<!-- # Processing the final dataset
 -->


# Export data as CSV

In [2]:
import ee
import geemap
from gee_0_utils import *

initialize()
config = ProjectConfig()
roi = config.roi
data_folder = config.data_folder
last_year = config.last_year

## Data for all biomass and age data comparisons

In [None]:
biome =  ee.Image(f"{data_folder}/categorical").select("biome")

# Ages
mapbiomas = ee.Image(f"{data_folder}/mapbiomas_{last_year}").rename(["age_mapbiomas"])
tmf = ee.Image(f"{data_folder}/tmf_{last_year}").rename(["age_tmf"])
silva = ee.Image("projects/ee-regrowth/assets/MB_secondary_forest_Silva_Junior_v2/sforestAge_brazil_V8").select("classification_2020").rename("age_silva")

# Response variables
GEDI_L2A = ee.Image(f"{data_folder}/GEDI_L2A_{last_year}")
GEDI_L4A = ee.Image(f"{data_folder}/GEDI_L4A_{last_year}")
ESA_CCI = (ee.Image(f"projects/sat-io/open-datasets/ESA/ESA_CCI_AGB/CCI_BIOMASS_100m_AGB_{last_year}_v51")
           .select("AGB").rename(f"ESA_CCI_{last_year}"))
heinrich = (ee.Image("projects/ee-regrowth/assets/Heinrich_etal_2021_updates/sforestAGC_climate_only_v1_1")
            .select("classification_2020").rename("heinrich_biomass_2020"))
lang_height = ee.Image('users/nlang/ETH_GlobalCanopyHeight_2020_10m_v1').clip(roi).rename('lang_height')

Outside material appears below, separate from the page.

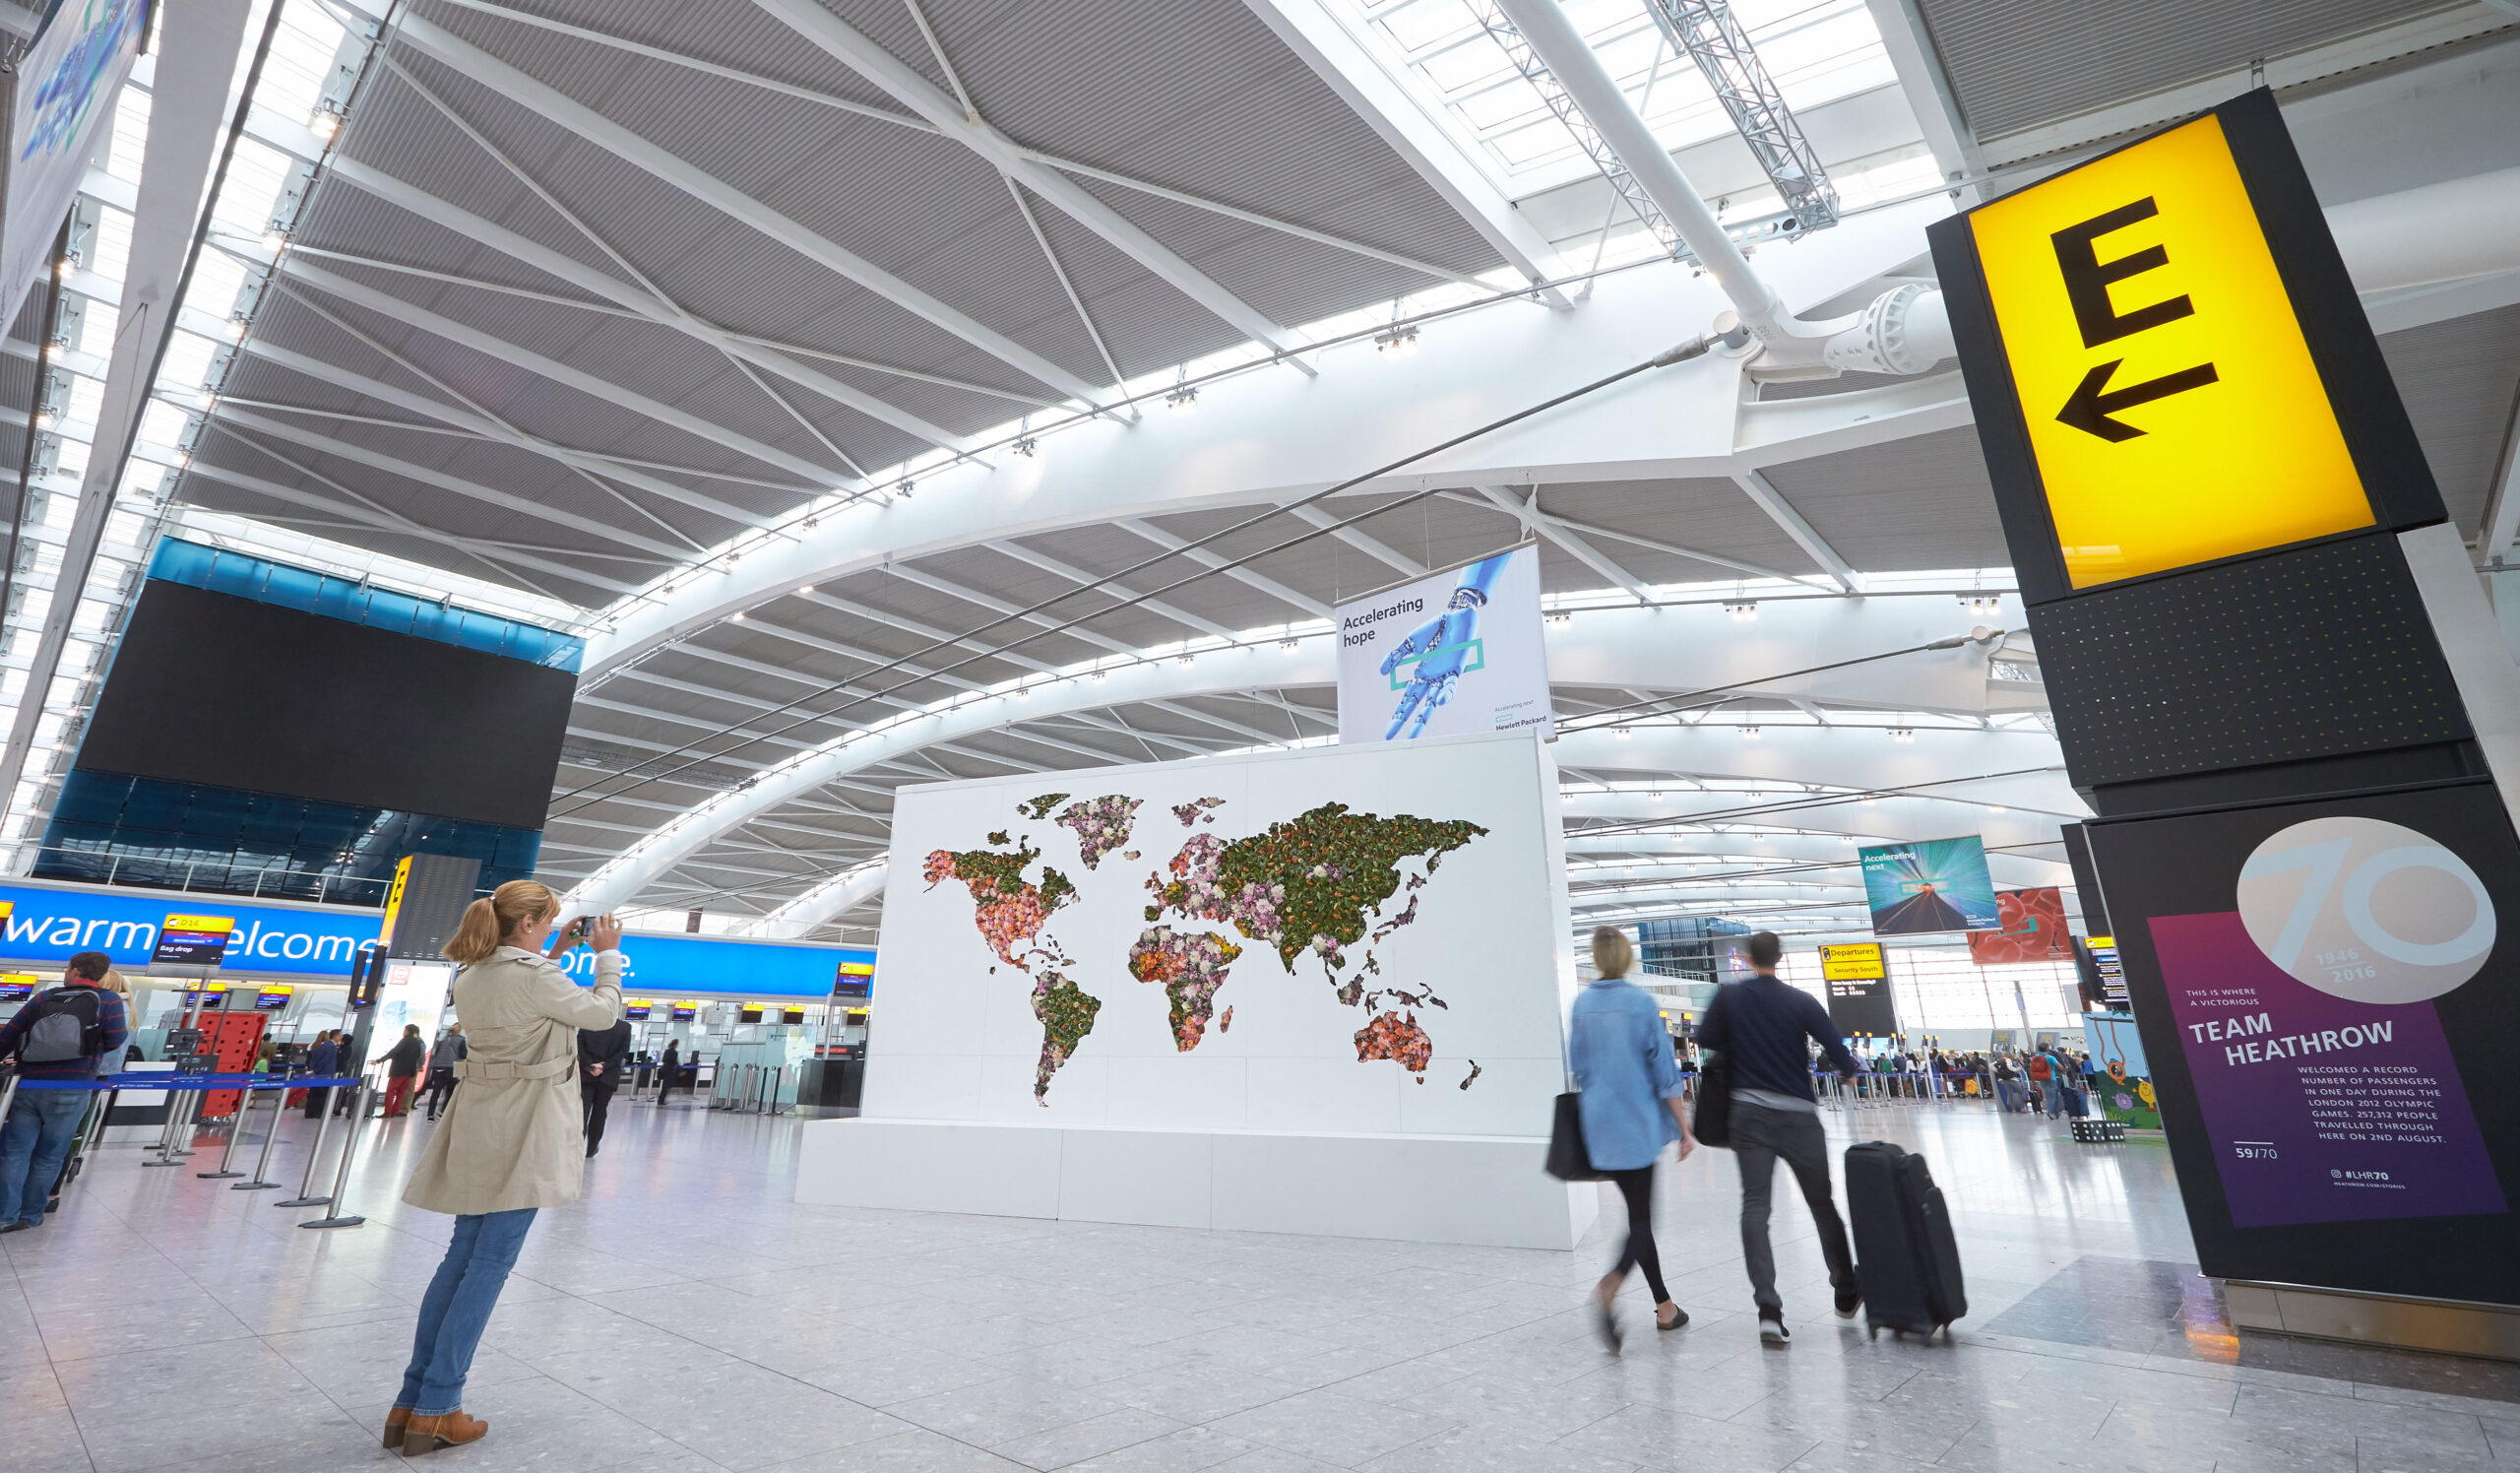 A giant floral map of the world is unveiled at Heathrow to celebrate the airportÕs new global fragrance report. The map is 11 ft. by 18ft and uses around 2,000 fresh flower stems and showcases the most popular scents by country en vogue right now, as well as celebrating the new season fragrances. BBZ/REX/SHUTTERSTOCK

# Combine all images into a single multi-band image
comparisons = mapbiomas.addBands([tmf, silva, ESA_CCI, GEDI_L2A, GEDI_L4A, heinrich, biome])
mask = comparisons.reduce(ee.Reducer.allNonZero())
masked_image = comparisons.updateMask(mask)

comparisons_sampled = comparisons.stratifiedSample(numPoints = 10000, classBand = 'biome')

export_csv(comparisons_sampled, "comparisons_sampled")

## Mature forest biomass comparisons

In [None]:
mature_biomass = ee.Image(f"{data_folder}/mature_biomass").addBands(biome)
mature_biomass_sampled = mature_biomass.stratifiedSample(numPoints = 10000, classBand = 'biome')
export_csv(mature_biomass_sampled, "mature_biomass_sampled")

## Field Data

In [None]:
field_data = ee.FeatureCollection(f"{data_folder}/field_biomass") # from https://github.com/forc-db/GROA/tree/master/data
biomes = ee.FeatureCollection(f"{data_folder}/raw/biomes_br").select('CD_Bioma')

# Check in which biome each field plot is located
def determine_biome(feature):
    bioma_number = biomes.filterBounds(feature.geometry()).first().get('CD_Bioma')
    return feature.set('biome', bioma_number)

field_biomass = field_data.map(determine_biome)

export_csv(field_biomass, "field_biomass")

## Main Model Dataset

### Age, Biomass

In [None]:
# Fire and Land Use
age = ee.Image(f"{data_folder}/mapbiomas_{last_year}")

biomass = ee.Image(f"{data_folder}/ESA_CCI_{last_year}")

fire = (ee.Image("projects/mapbiomas-public/assets/brazil/fire/collection3/mapbiomas_fire_collection3_annual_burned_coverage_v1")
    .select([f"burned_coverage_{year}" for year in config.range_1985_2020])
    .byte()
    .rename([str(year) for year in config.range_1985_2020])
    .gt(0)
    .reduce('sum').rename("num_fires")).unmask(0)

floodable_forests = (ee.Image("projects/mapbiomas-public/assets/brazil/lulc/collection9/mapbiomas_collection90_integration_v1")
        .select(f"classification_{last_year}").eq(6))

suffixes = [
    "aggregated_all",
    "non_aggregated_all",
    "non_aggregated_15yr",
    "non_aggregated_10yr",
    "non_aggregated_5yr"
]

land_use_list = [
    ee.Image(f"{data_folder}/land_use_{suffix}")
    for suffix in suffixes
]

### Surrounding Landscape

In [None]:
quarters_ecoreg_biomass = ee.Image("projects/amazon-forest-regrowth/assets/quarters_ecoreg_biomass")
distance_to_forest_edge = ee.Image(f"{data_folder}/distance_to_forest_edge")
sur_cover = ee.Image(f"{data_folder}/sur_cover")
# nearest_mature = ee.Image(f"{data_folder}/mapbiomas/nearest_mature_biomass_image_neighborhood").rename("nearest_mature_biomass")



### Environmental

In [None]:
categorical = ee.Image(f"{data_folder}/categorical")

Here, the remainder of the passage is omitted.